Na psy i koty, które nieproszone kręcą się po Twojej działce – wystarczy rozsypać je z suchymi skórkami pomarańczy i odstraszą zwierzęta. Same fusy rozsypane w domu przegonią z niego wszystkie owady. Wystarczy dosłownie szczypta tu czy tam.
6. ŚRODEK NA PCHŁY.
Nie wiem jak to działa, ale po kąpieli w szamponie przeciw pchłom warto natrzeć sierść psiaka wodą z fusami, a wszystkie pchły zginą. Być może dostają zawału po przedawkowaniu kofeiny ;).
7. KOSMETYK.
– PEELING
Osobiście nie mogę go używać, bo mam wrażliwą skórę i na nogach automatycznie pojawiają się pajączki, ale nie ma lepszego sposobu na wypędzenie cellulitu niż kawa. Niestety, nie ta podawana doustnie, tak jak lubię najbardziej, a w formie peelingu. Fusy wystarczy wymieszać z dowolnym olejkiem (może to być oliwka dla dzieci lub oliwa z oliwek) i wcierać w ciało, a następnie spłukać. Do peelingu możesz też dodać naturalny miód lub gruby, brązowy cukier.
– MASKA DO CIAŁA
Również pogromca cellulitu. Nadal niezalecany do cery wrażliwej, naczynkowej czy ze skłonnością do żylaków. I raczej odradzam osobom, które nie lubią bałaganu, bo przy kawowych zabiegach nie da się go uniknąć! Jeśli jednak nie masz z tym problemu, wymieszaj 4 łyżki fusów z 2 łyżkami oliwy z oliwek, 4 łyżkami cynamonu i 4 łyżkami spirytusu. Nałóż na uda, a potem zawiń w folię i nałóż rajstopy. Już po chwili powinnaś poczuć ogień, ale spłukać możesz dopiero po 20 minutach!
– MASECZKA NA TWARZ
Masz swoje ulubione kompozycje domowych maseczek? Dodaj trochę fusów, by wzmocnić ich działanie. Albo wymieszaj 4 łyżki fusów z 4 łyżkami gorzkiego kakao, dodaj 8 łyżek jogurtu i 2 łyżki miodu (dla skóry suchej) lub soku z cytryny (dla skóry tłustej). Tylko nie zapomnij zmyć przed wyjściem na miasto!
– ODŻYWKA DO WŁOSÓW
Tutaj również jest wiele możliwych kombinacji, ale wszystkie dla kobiet z ciemnymi włosami. Można wcierać w skórę głowy same fusy lub przygotować mieszankę: 2 żółtka jajka, 3 łyżki fusów po kawie, 2 łyżeczki odżywki do włosów, 1 szklanka mleka, którą nakłada się na mokre włosy na 20 minut.

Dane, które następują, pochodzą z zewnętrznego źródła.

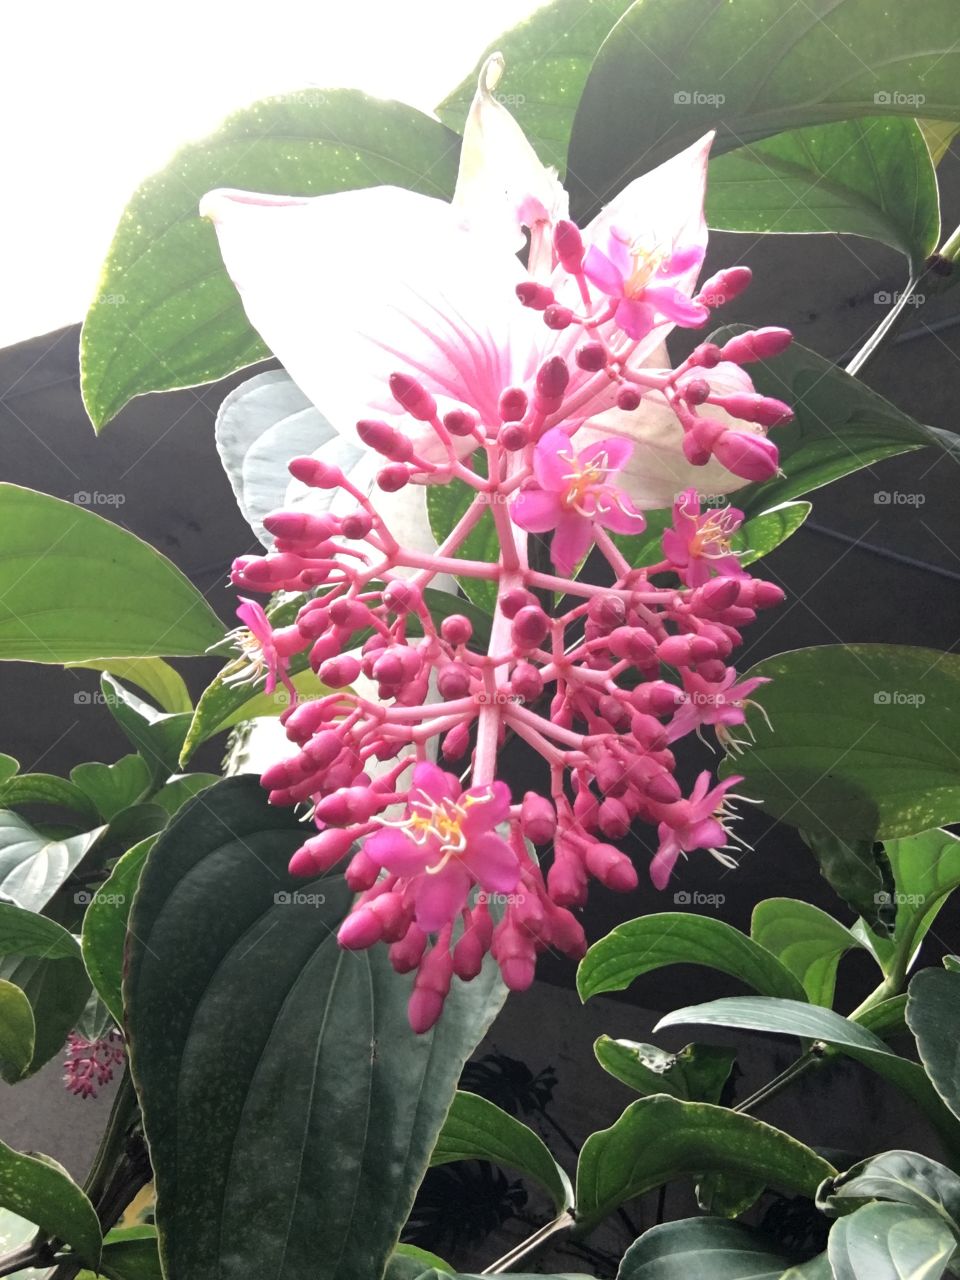 Pink tropical flowers, green leaves, pink blooms with green foliage

Patrząc na listę powyżej, widzę, że z wpisu o fusach wyszedł mi całkiem niezły post o recyklingu i upcyklingu. Szkoda tylko, że nie dostanę za to żadnej dotacji unijnej ;).
Świetne pomysły!! Wykorzystam nie jeden na pewno. A mąż? Jakbym czytała o swoim hahaha zanim coś kupi musi przeanalizować 50 razy czy warto, czy się opłaca, czy to nie strata pieniędzy. A może nie jest to nam potrzebne itp itd :-D
Ale to jest fajne! Wiesz, że ostatnio dzięki mojemu mężowi zaoszczędziliśmy okrągłe sto złotych na JEDNEJ zabawce? Już szłam do kasy z prezentem urodzinowym na dwa latka ;), kiedy mnie powstrzymał: czekaj, czekaj, a może sprawdzimy w necie?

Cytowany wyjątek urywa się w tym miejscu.